Originally Posted by *Maxine45* 
I started talking to him about space bubbles yesterday but didn't get very far.
me: "you know what bubbles are?"
him: "yes"
me: "what are they?"
him: "they're for POPPING!!!"

.











You know, I still have this issue with my 10 year old. I've tried to invoke the bubble thing as well. The concept he gets, he just doesn't understand why anyone would want a space bubble around them. <sigh>


----------



## Ruthla (Jun 2, 2004)

This is a challenge in my family too. DD2 has an exceptionally high need for personal space, DD1 has an average need, and DS has a less than average need for space. He DOES understand the concept of "personal space", but he easily forgets just how much space his sisters need, because he doesn't have those same needs! There are moments when he wants to be left alone, but far more often he wants to get close, touch, stand inches away from me, etc. At least I've finally taught him that I don't like to hug while I'm eating!

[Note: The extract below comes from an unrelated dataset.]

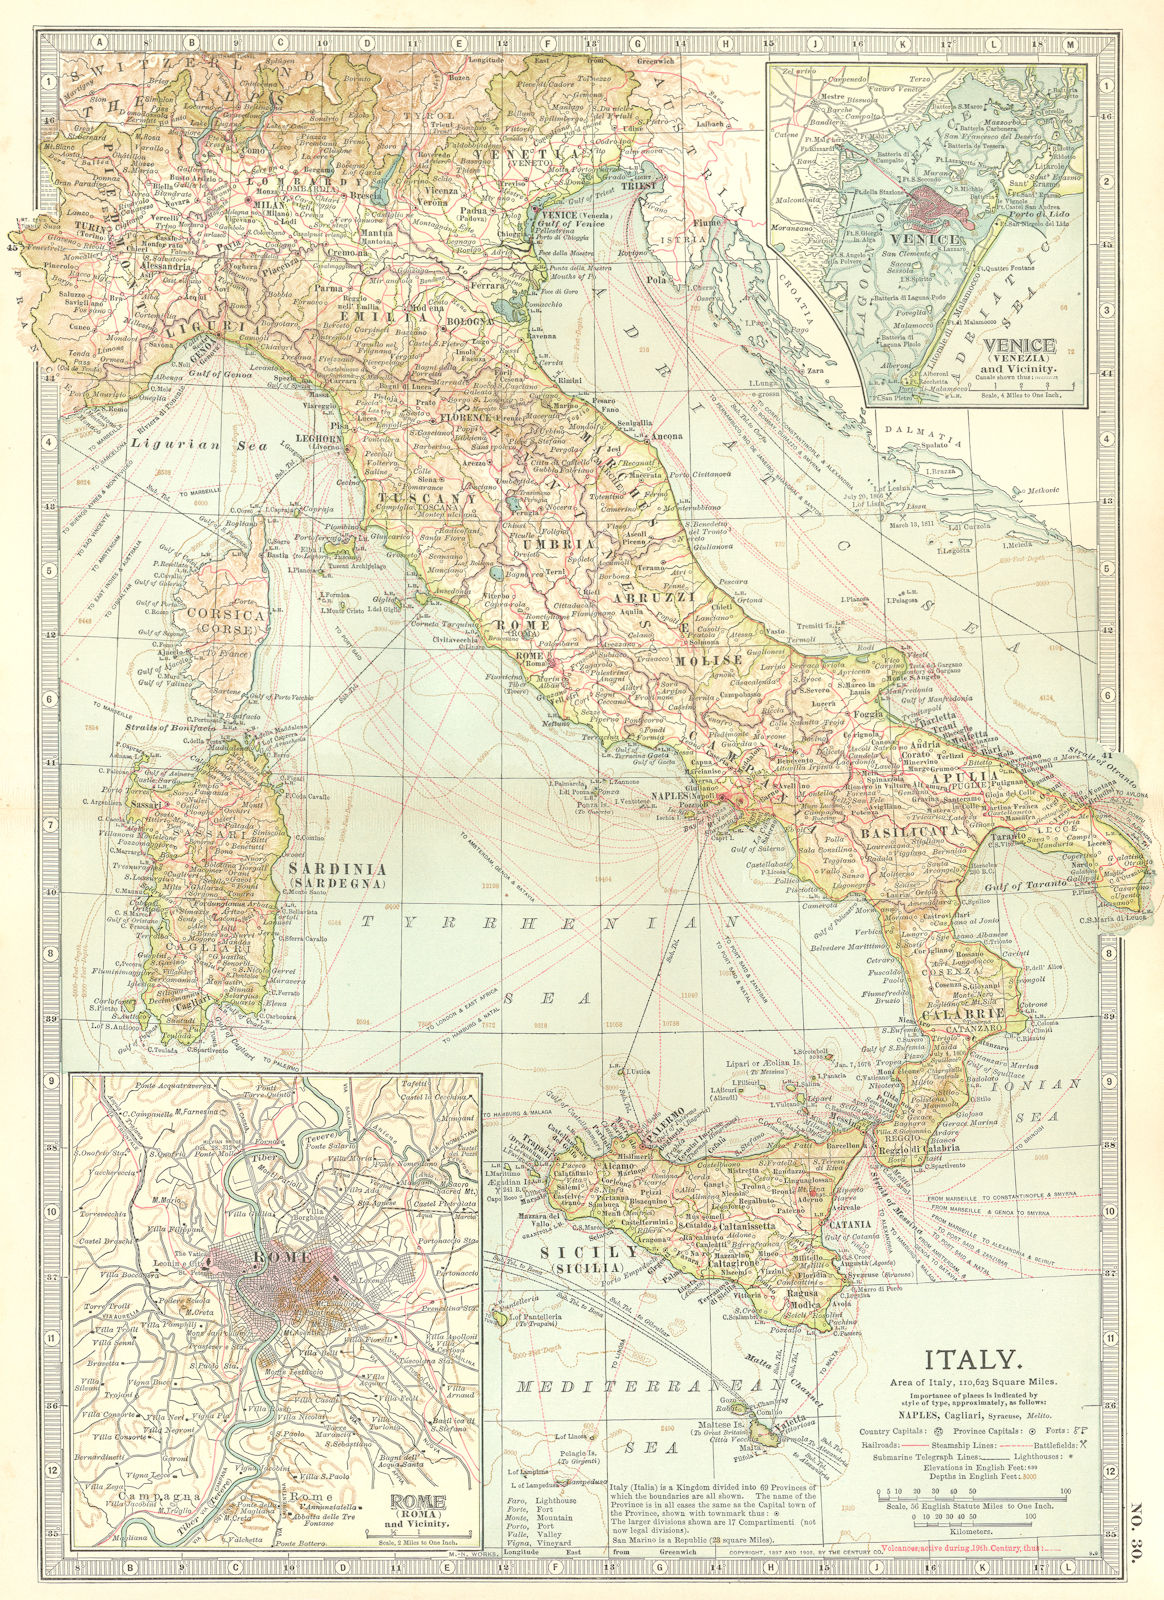 Associate Product ITALY. Rome Venice.Shows key naval battles/dates 1811 1866 1676 241BC 1903 map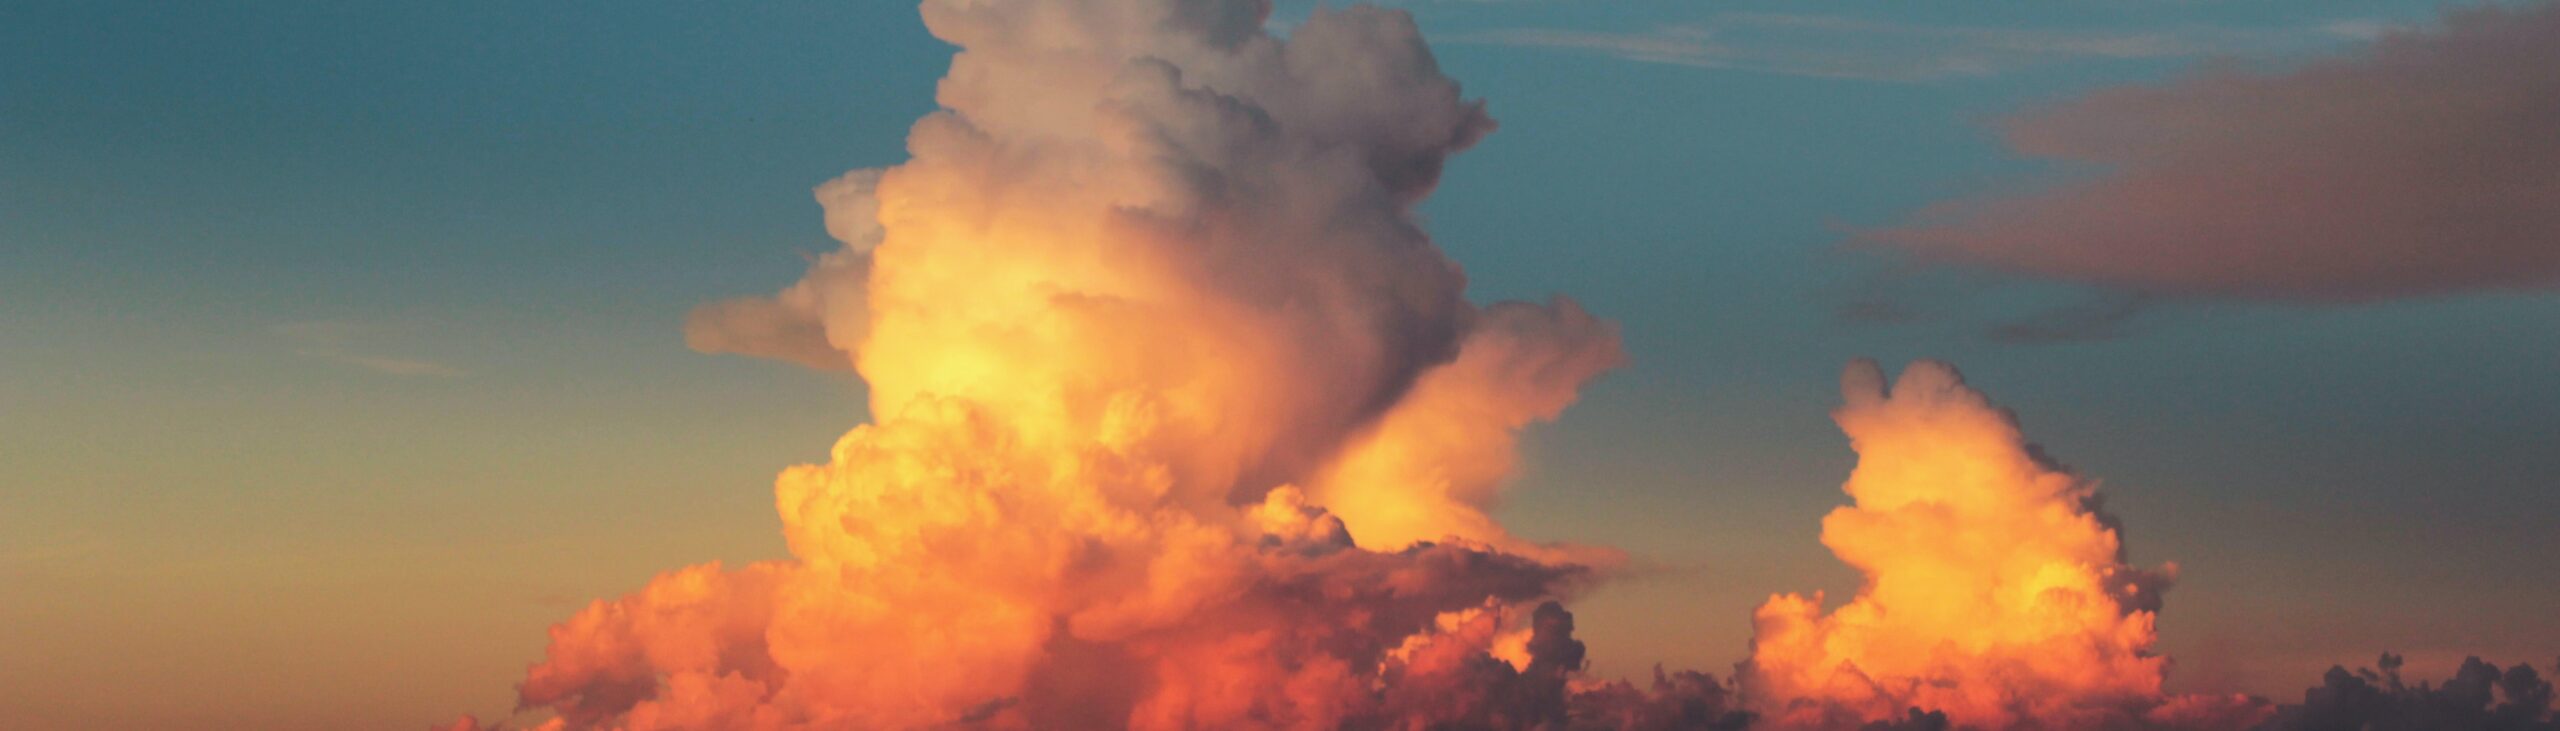 A photo of large clouds at sunset, the sky and clouds coloured orange, white, pink and blue

I personally think that the "personal bubble" is kind of a weird way to explain this concept. "You're too close, give her some space" or "You're too close, she doesn't like that" just logically makes more sense than "personal bubble". I mean, you can't SEE this "bubble", it's not _really_ there!


----------



## Autumn C. (Jul 30, 2008)

Quote:


Originally Posted by *Ruthla* 
There are moments when he wants to be left alone, but far more often he wants to get close, touch, stand inches away from me, etc. At least I've finally taught him that I don't like to hug while I'm eating!


Mine too! I feel like he's going to take the food _from my mouth_ he gets so close!


----------